**Work instruction:**
Set down, exactly and only, everything from the line containing "Sand Woven Jute Cubes | The Container Store" down to the line containing "How we got happy: Stories" in the data below; the pictures are not part of the copy.

**Raw data:**
------------------------------------------------------------
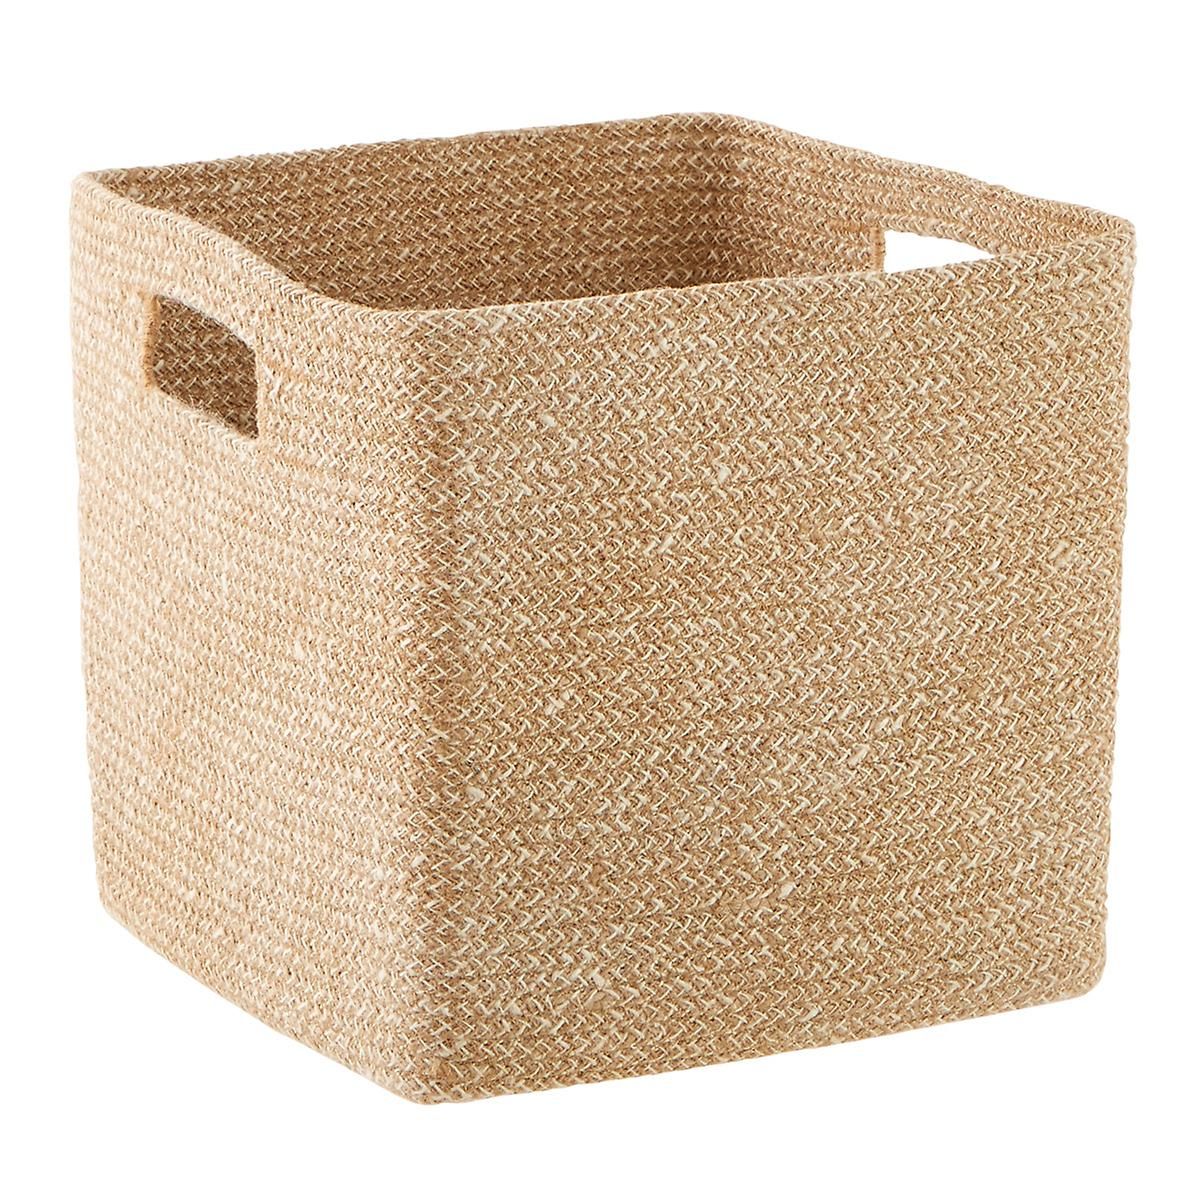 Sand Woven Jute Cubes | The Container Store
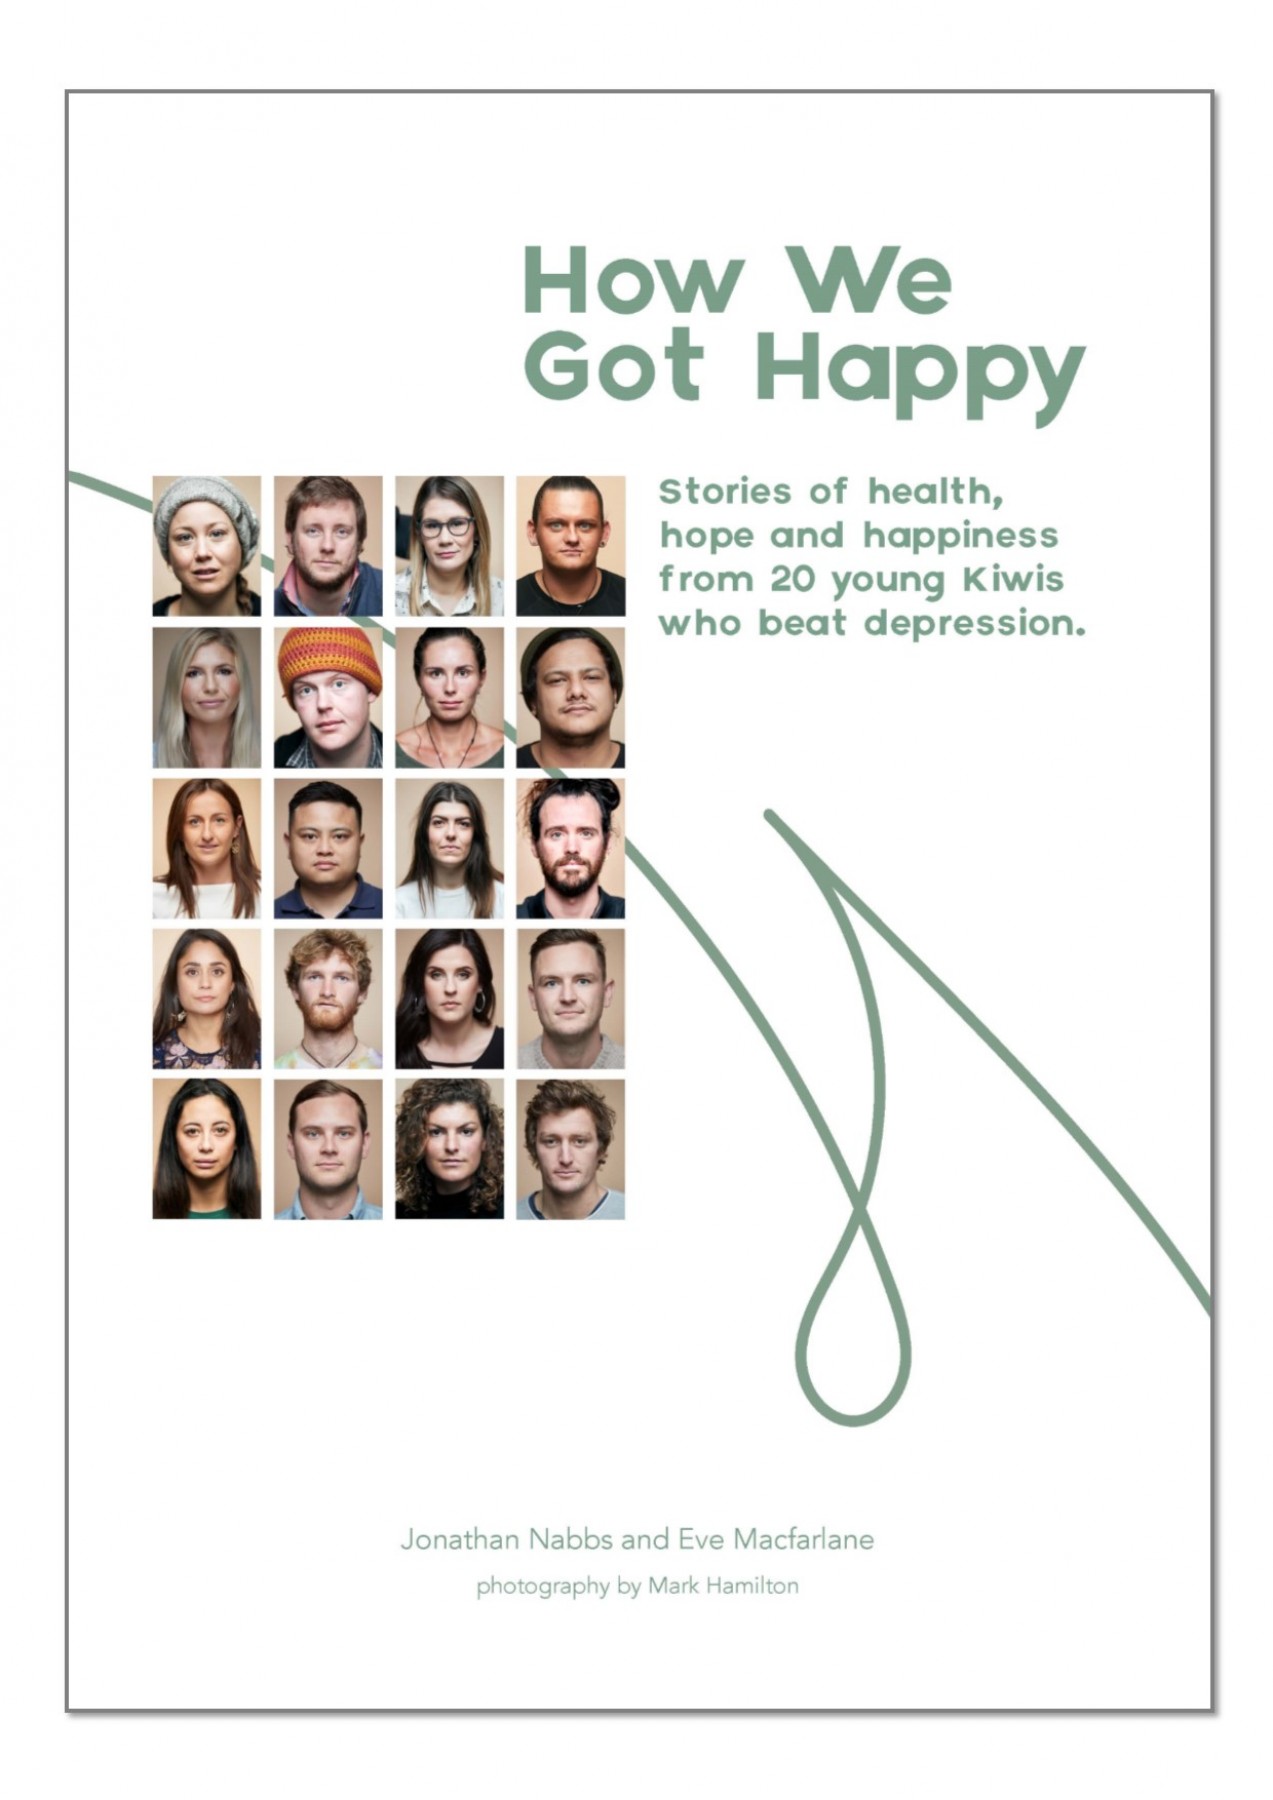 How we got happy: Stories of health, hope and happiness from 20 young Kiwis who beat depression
------------------------------------------------------------
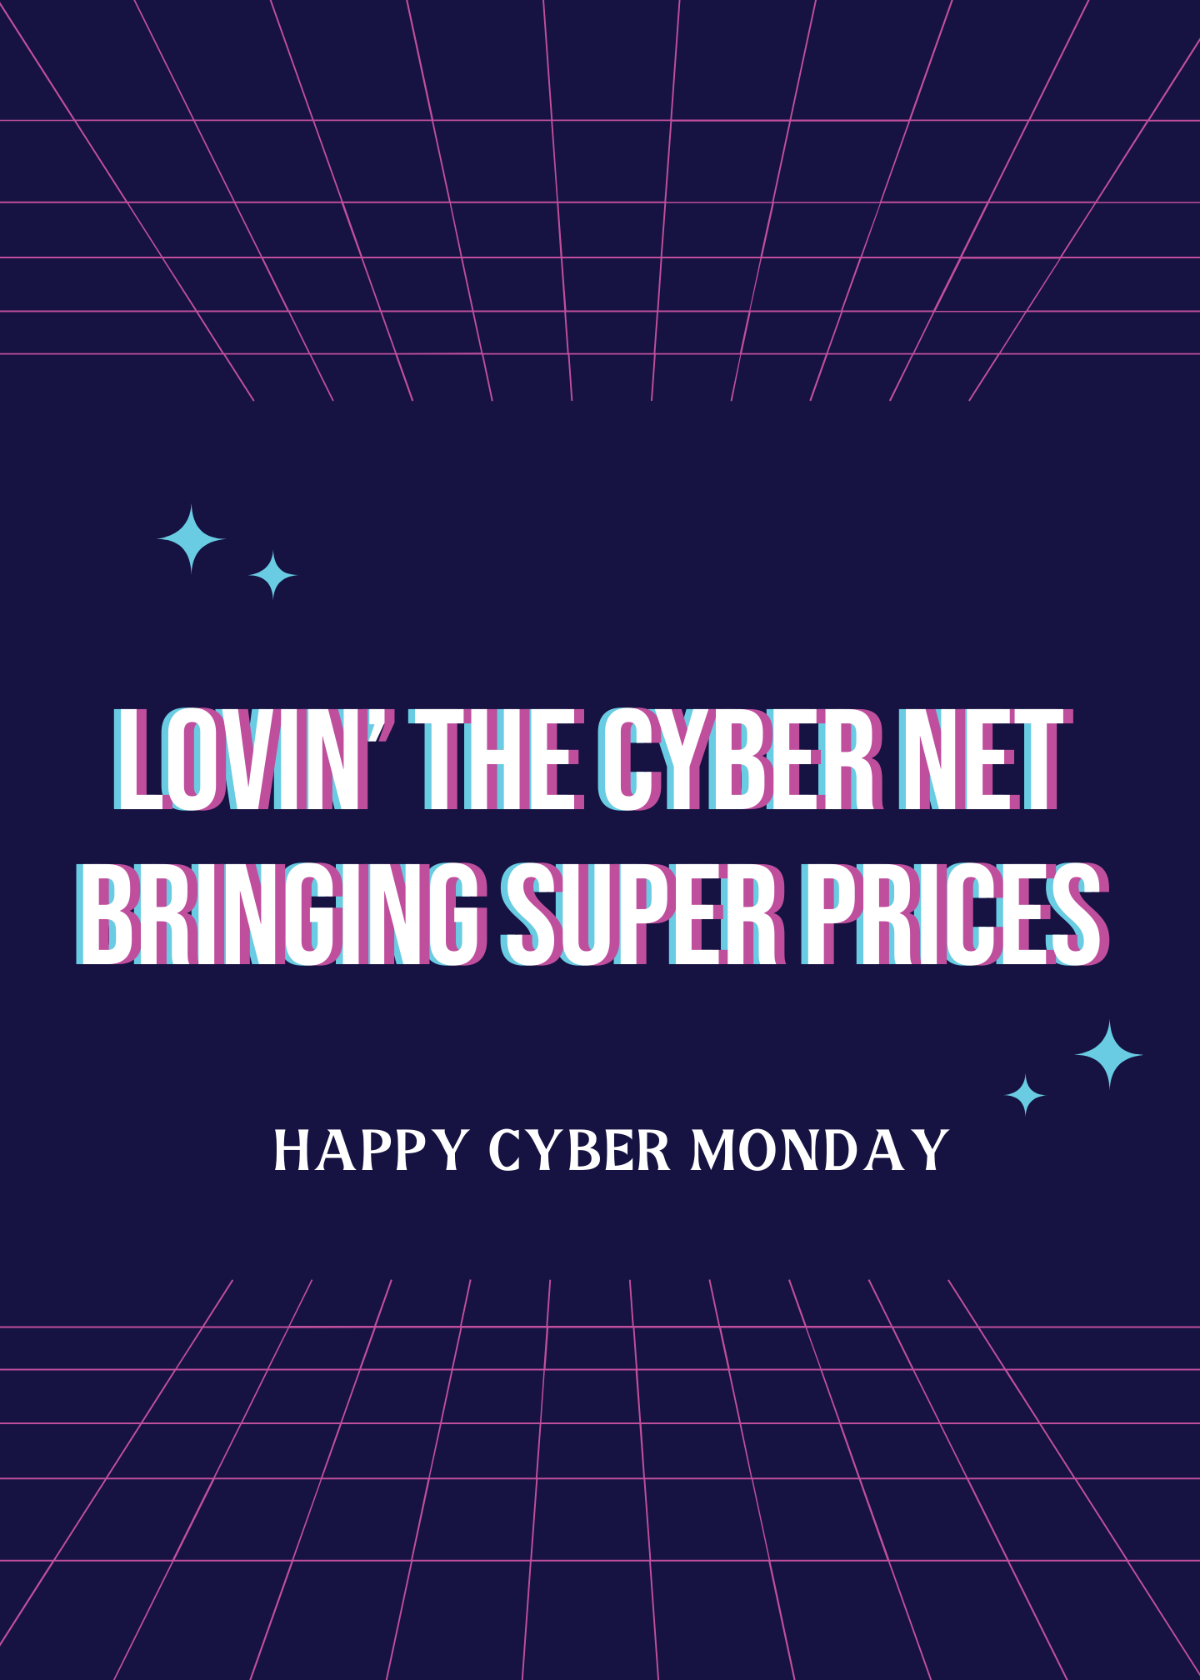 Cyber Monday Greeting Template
------------------------------------------------------------
**Solution for this task:**
 Sand Woven Jute Cubes | The Container Store
 How we got happy: Stories of health, hope and happiness from 20 young Kiwis who beat depression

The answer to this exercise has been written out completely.